The degraded state persists until the gateway's internal route refresh timer fires, at which point it clears the stale route table and attempts to re-learn all routes from scratch. With the UPDATE processor still degraded, the re-learn produces an empty routing table. Effective routes on every spoke VNet NIC go to zero and traffic drops.

Why BGP shows Connected: The BGP TCP session and keepalive functions run on a separate process from the UPDATE handler. The keepalive process is healthy; the UPDATE handler is not.


Decision: Reset vs Recreate vs Failover

OptionTime estimateRisk
Gateway reset (soft restart)~5 minMay not fix firmware-level failure
Gateway delete + recreate~45 minLong outage extension
Regional failover to secondary~25 minLow — if failover circuit is provisioned
Wait for Azure supportUnknownUnacceptable for P1

If you have a pre-provisioned failover circuit in a secondary region, regional failover is the fastest path to restoring traffic. Use gateway reset first if you want to attempt a quick fix — but be prepared to proceed to failover if it doesn't work within 5 minutes.
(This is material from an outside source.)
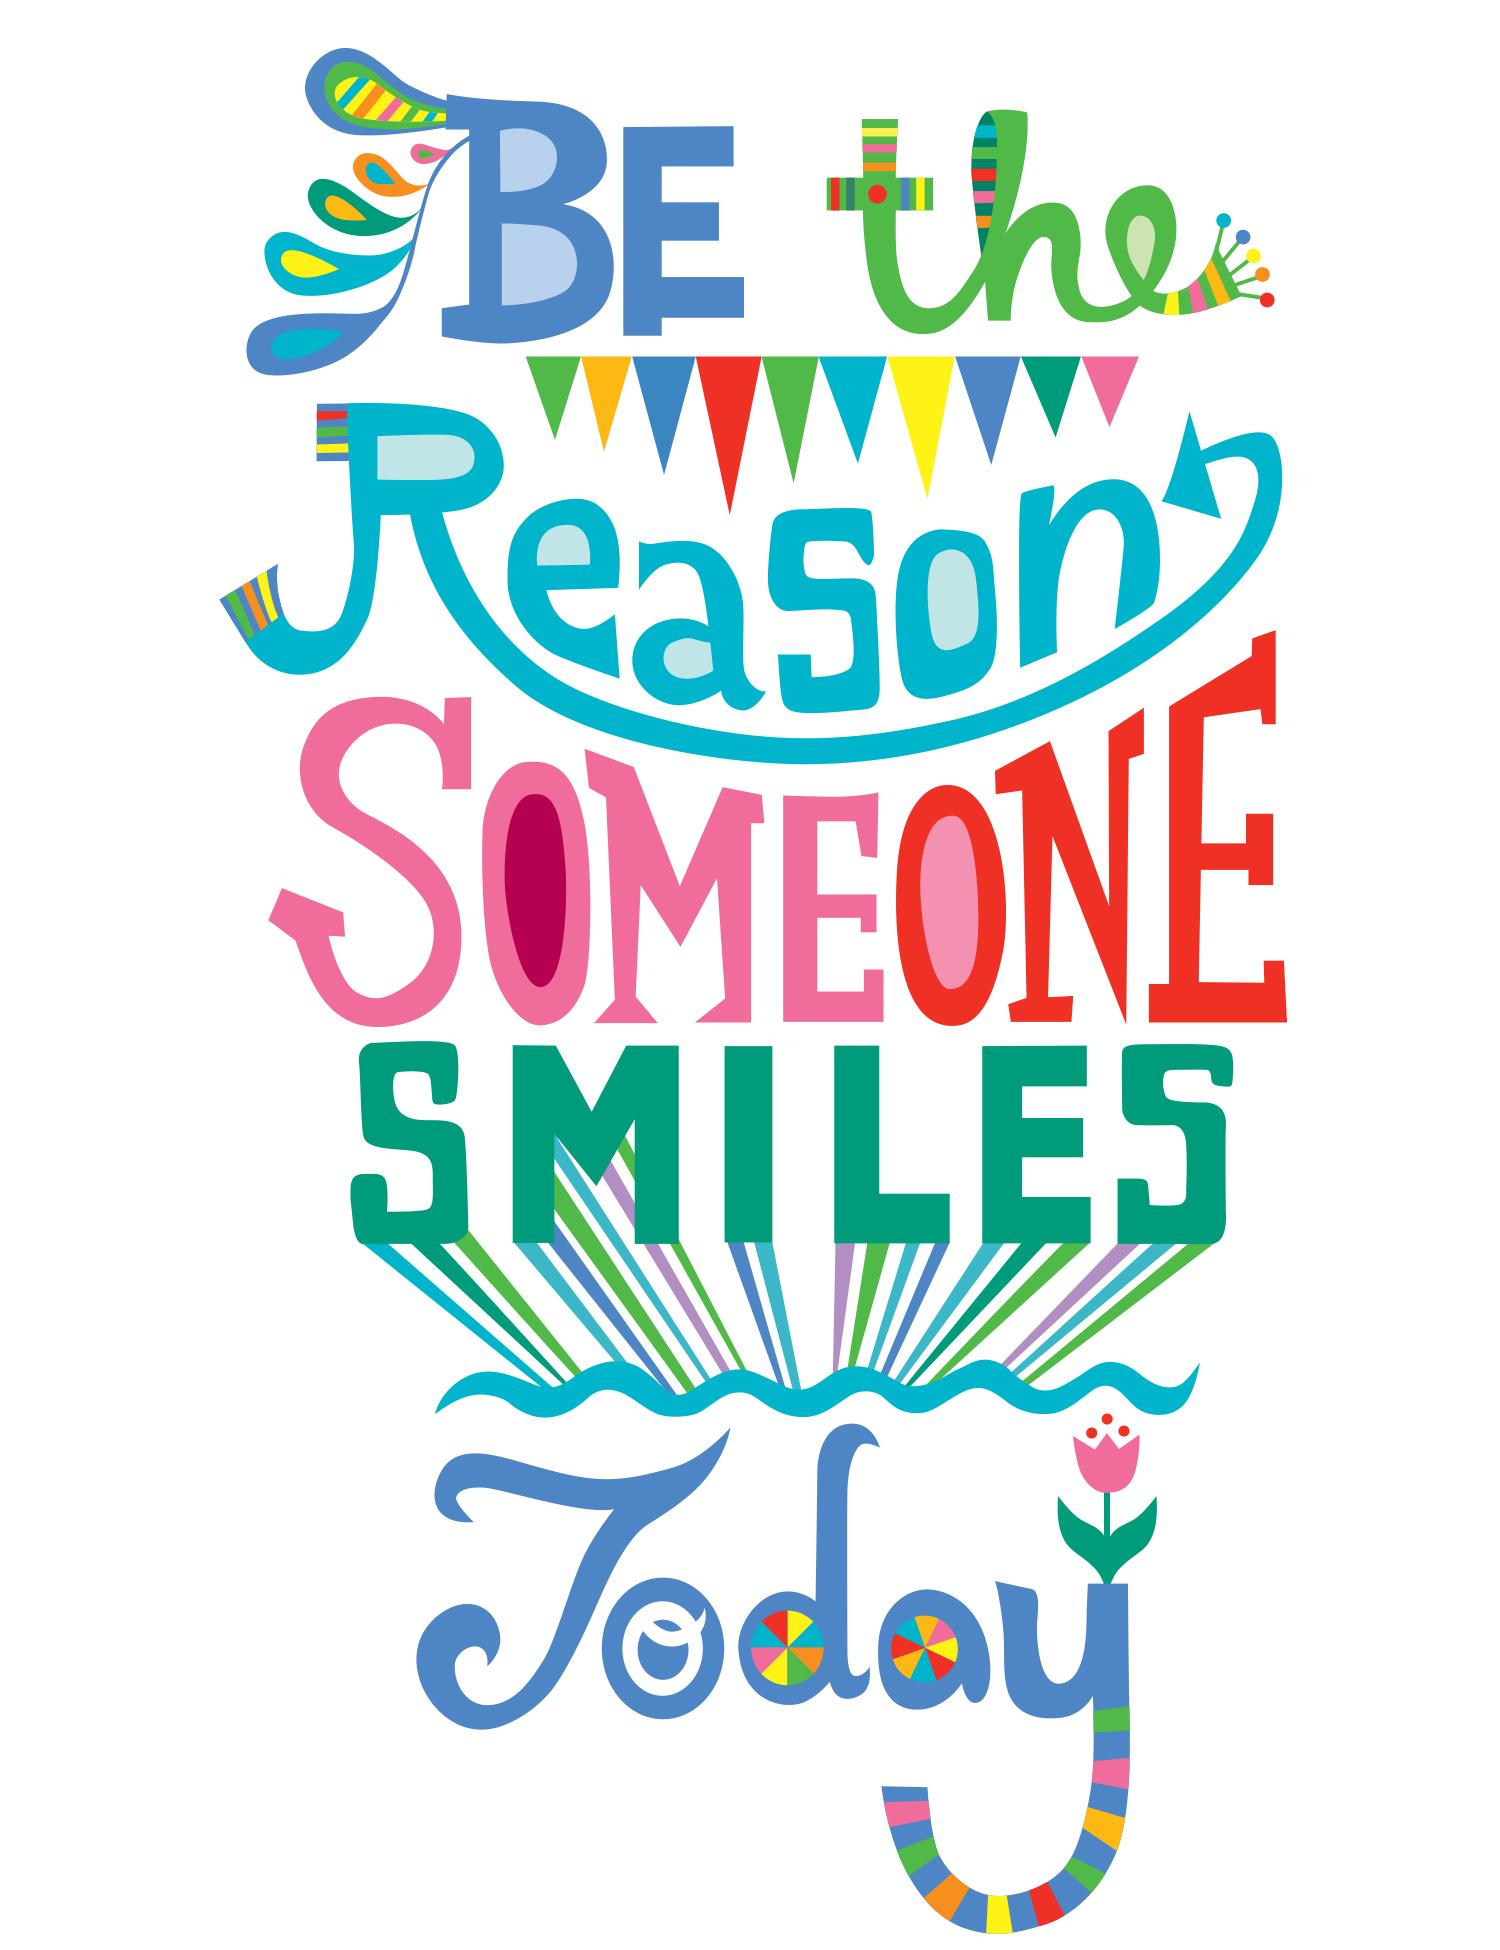 be_reason_someone_smiles_andi_bird.png

Regional failover: traffic reroutes from the failed primary gateway to the healthy secondary via the pre-provisioned failover circuit

Failover Execution

Step 1 — Confirm the failover gateway is healthy:

az network vnet-gateway list-bgp-peer-status \
  --resource-group rg-hub-eastus \
  --name er-gateway-eastus \
  --output table

Verify State: Connected and RoutesReceived is non-zero before proceeding.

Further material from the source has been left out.